[Excerpts from a dataset]
════════════════
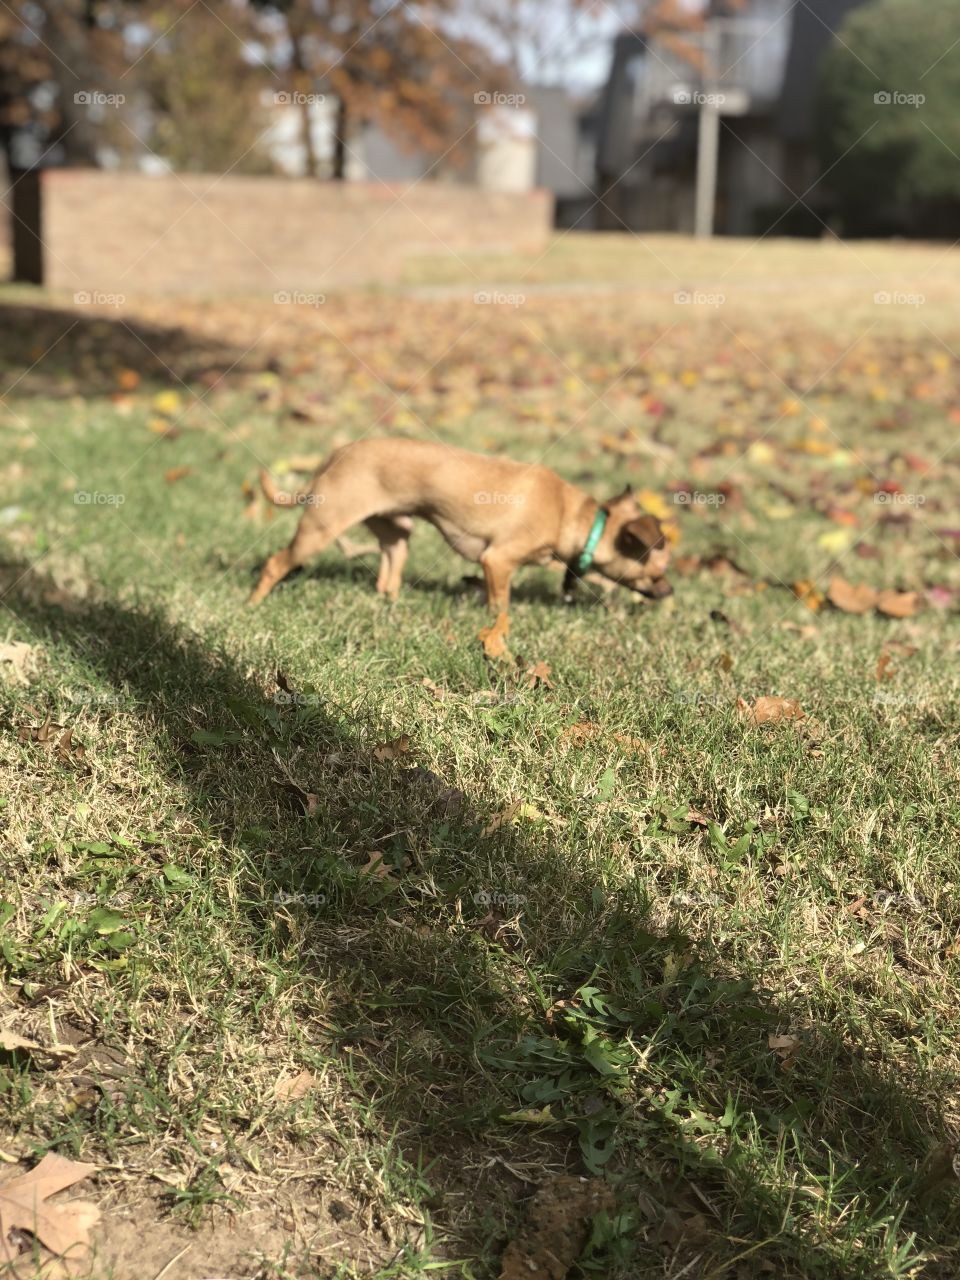 Chewalla puppy exploring his yard
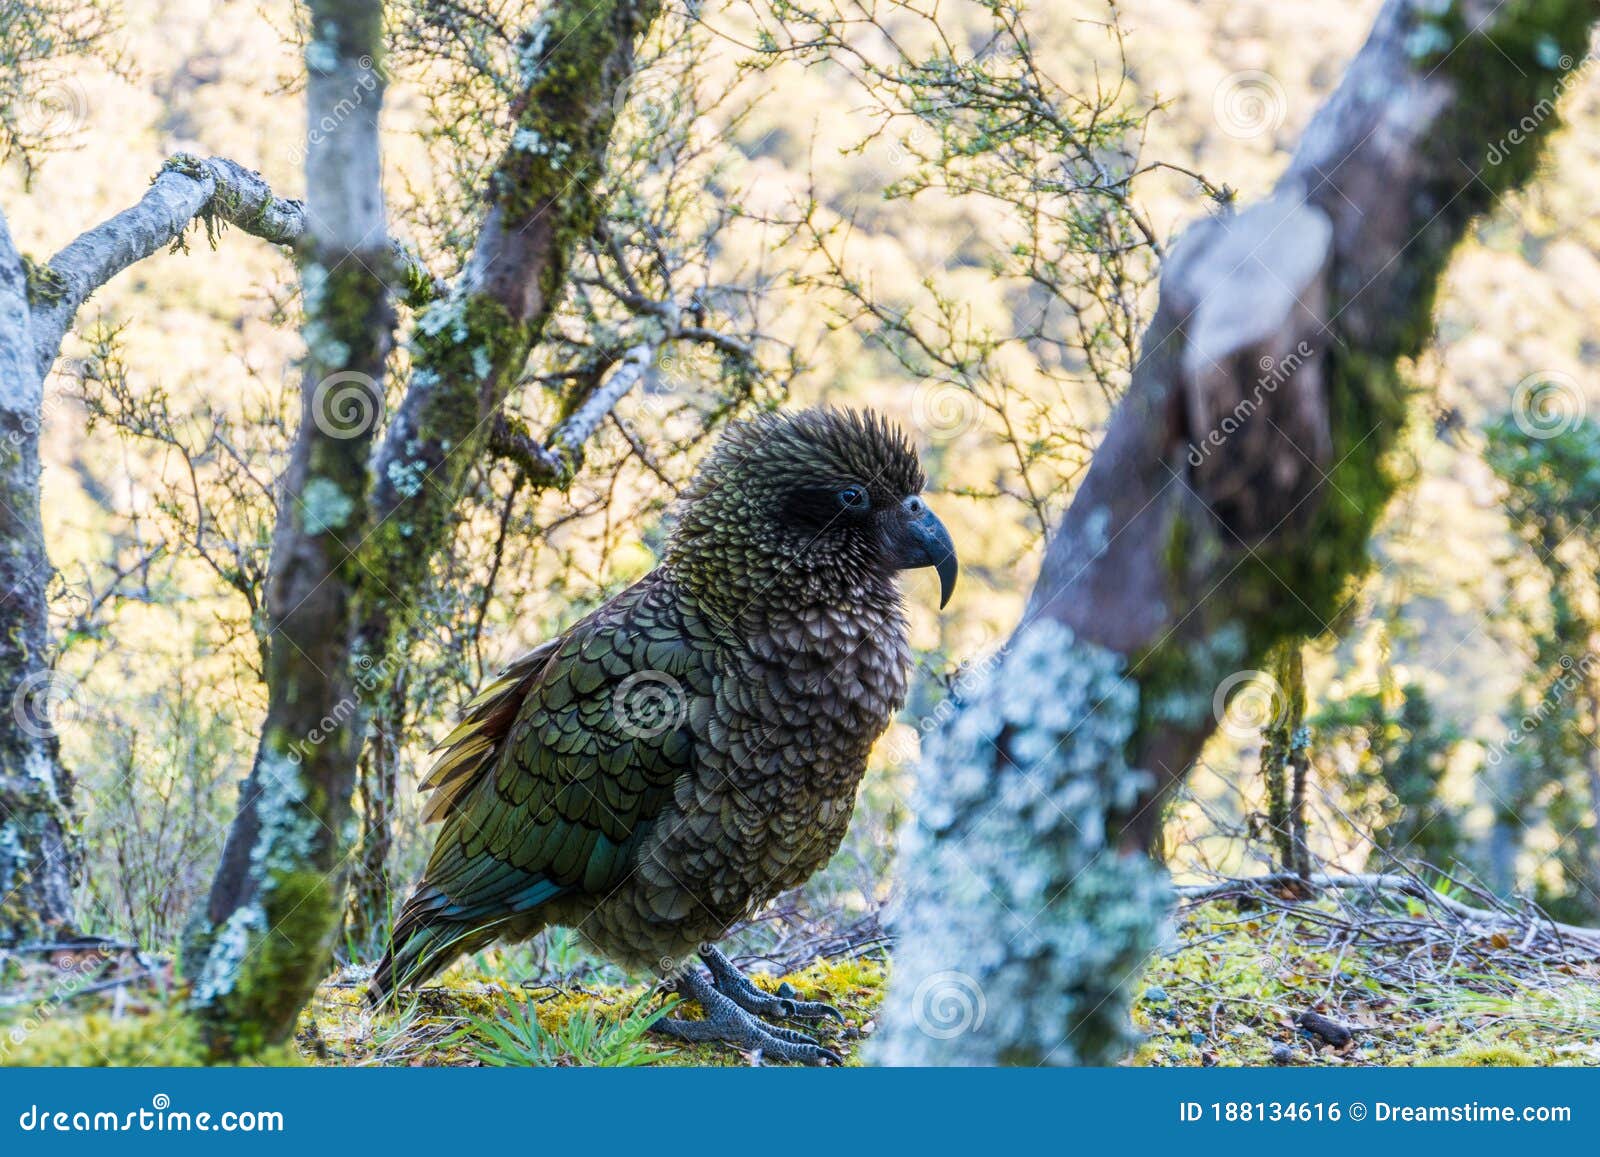 Kea, New Zealand`s Rare Parrot Stock Photo - Image of island, shiny:  188134616
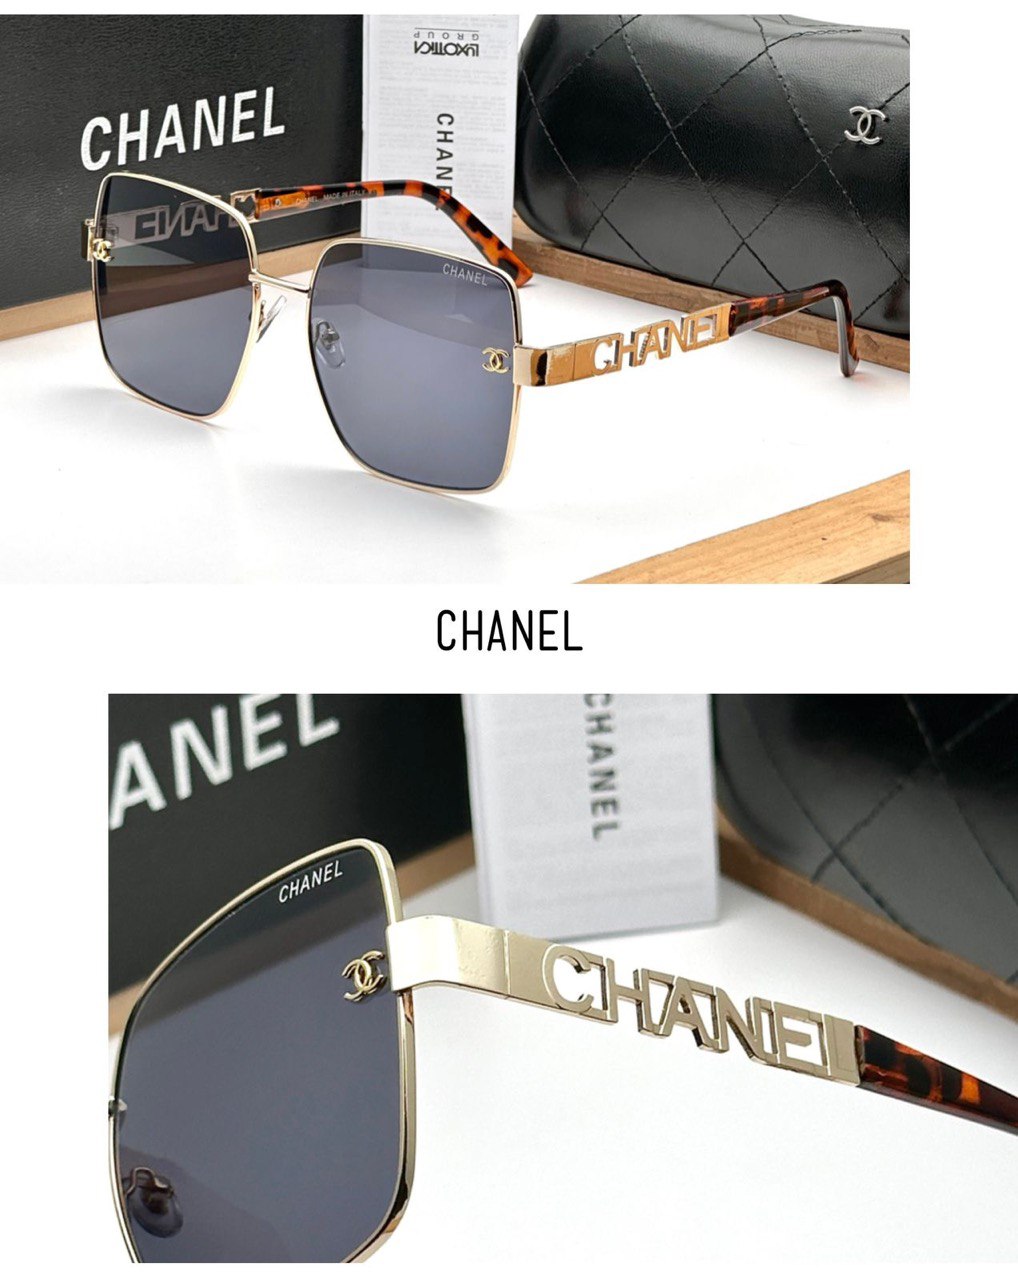 CHANEL SUNGLASSES - Sunglasses Villa
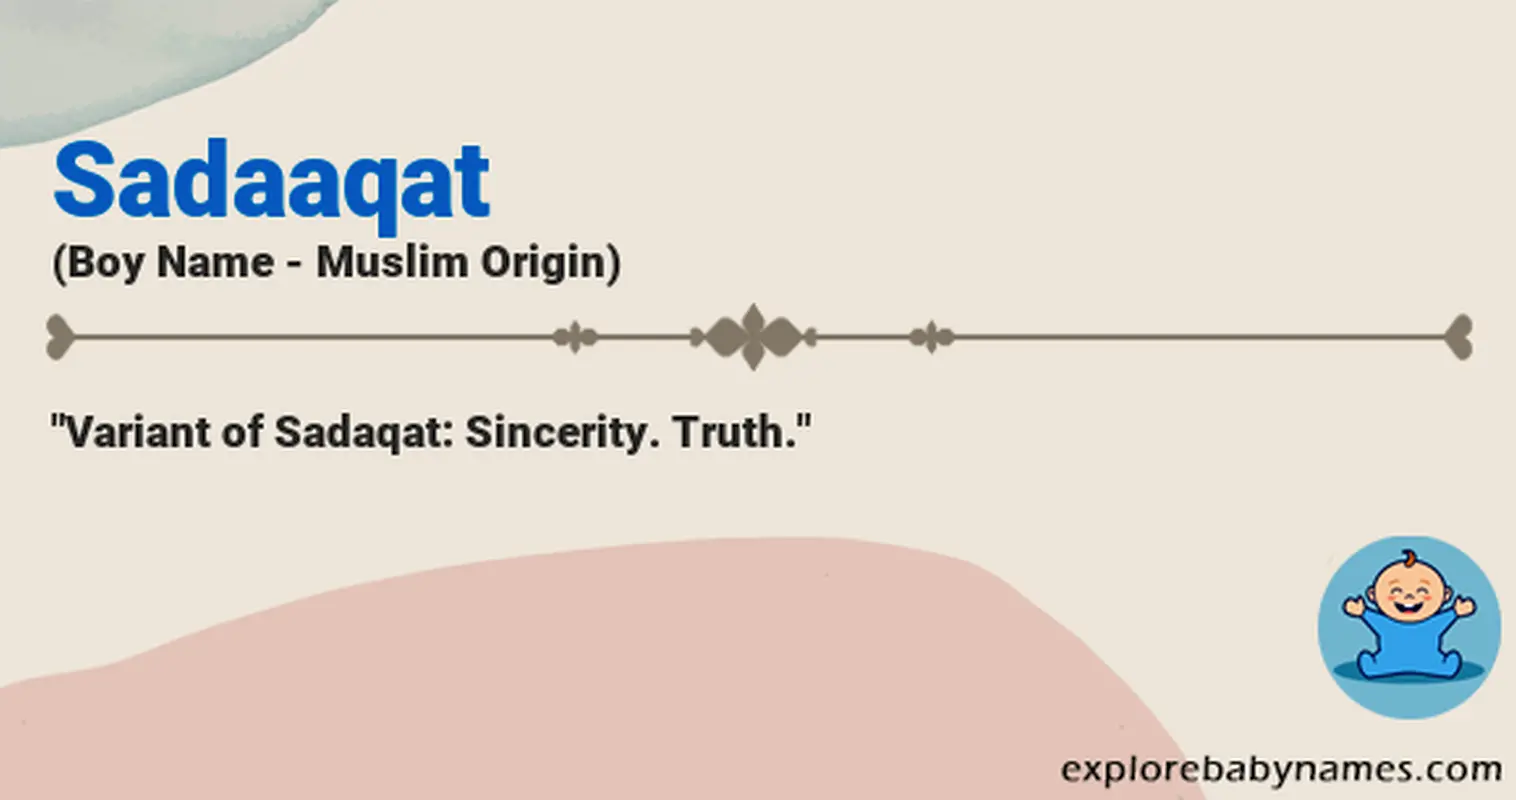 Meaning of Sadaaqat
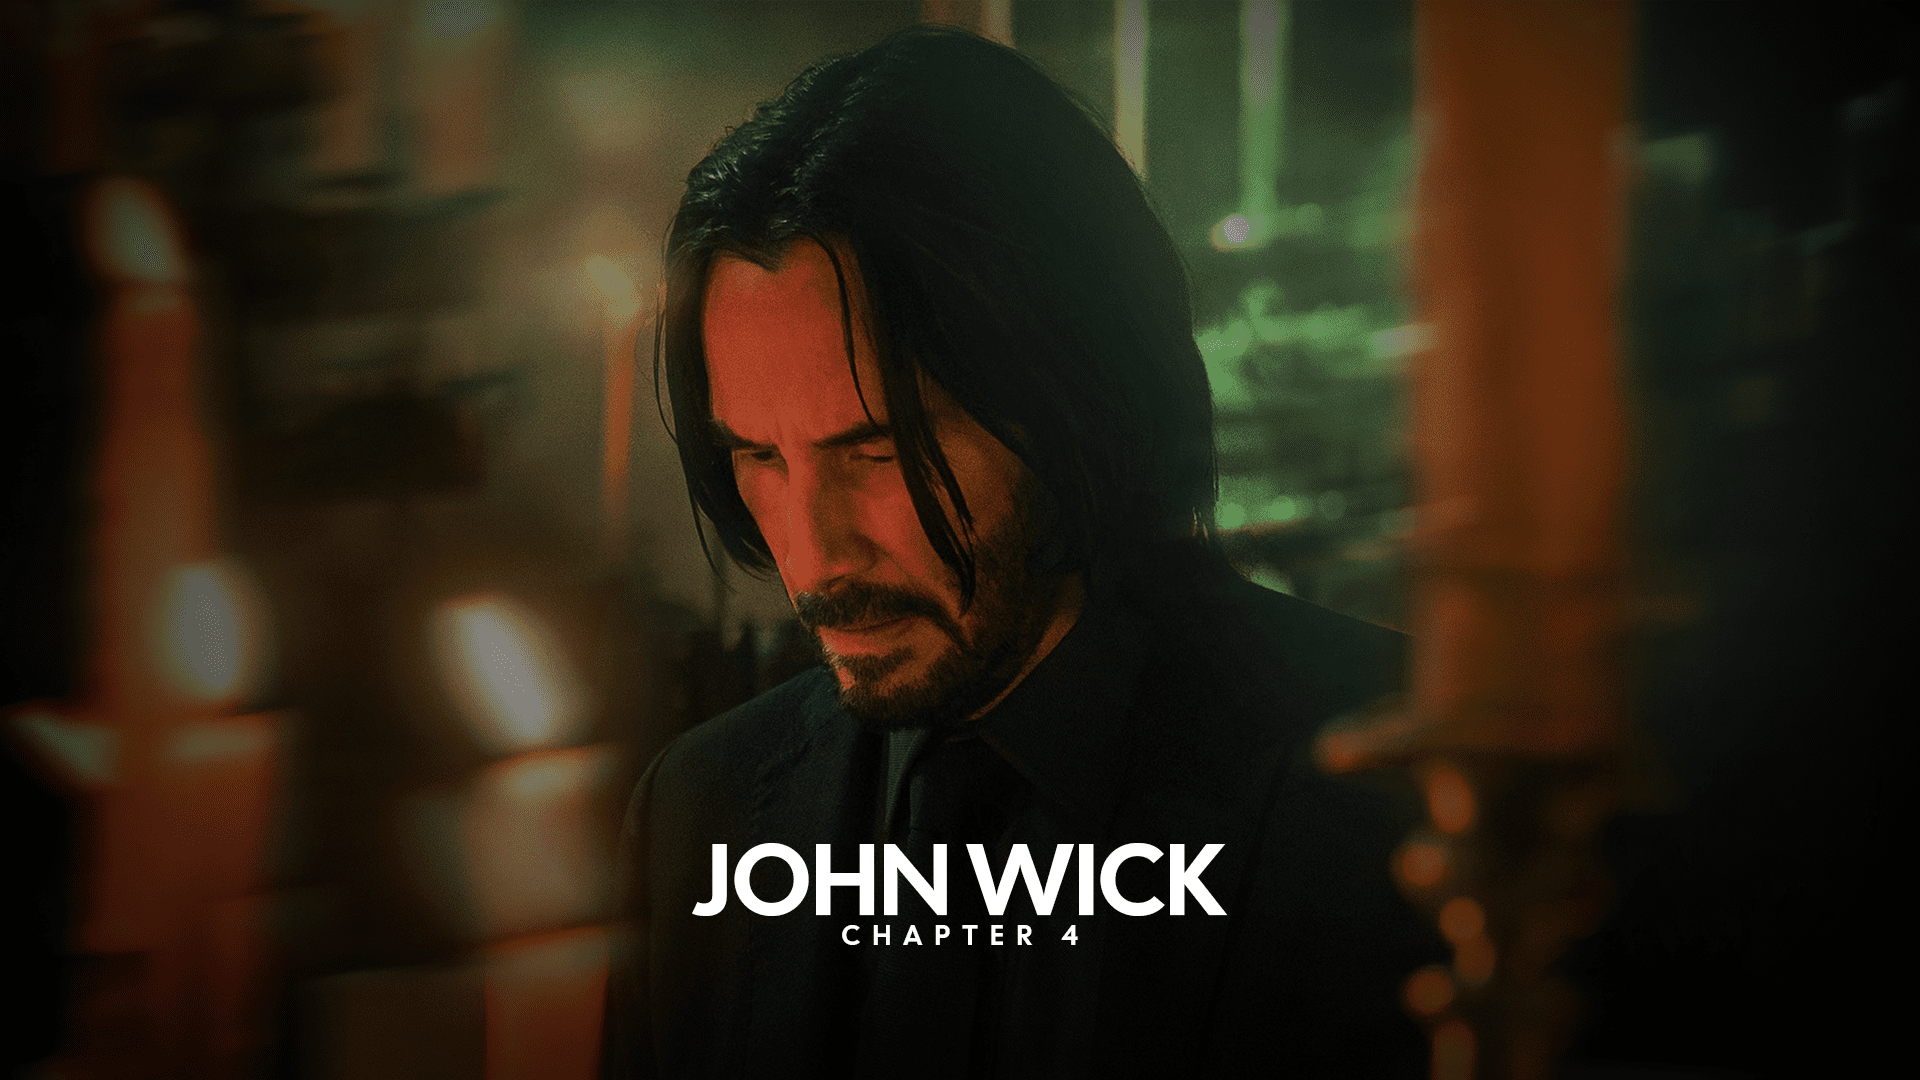 John Wick Chapter 4 Trailer Breakdown
════════════════
Copy exactly the lines that run from the one containing "CHANEL SUNGLASSES - Sunglasses Villa" to the last line of the records, both included, and leave out every picture.

 CHANEL SUNGLASSES - Sunglasses Villa
 Meaning of Sadaaqat
 John Wick Chapter 4 Trailer Breakdown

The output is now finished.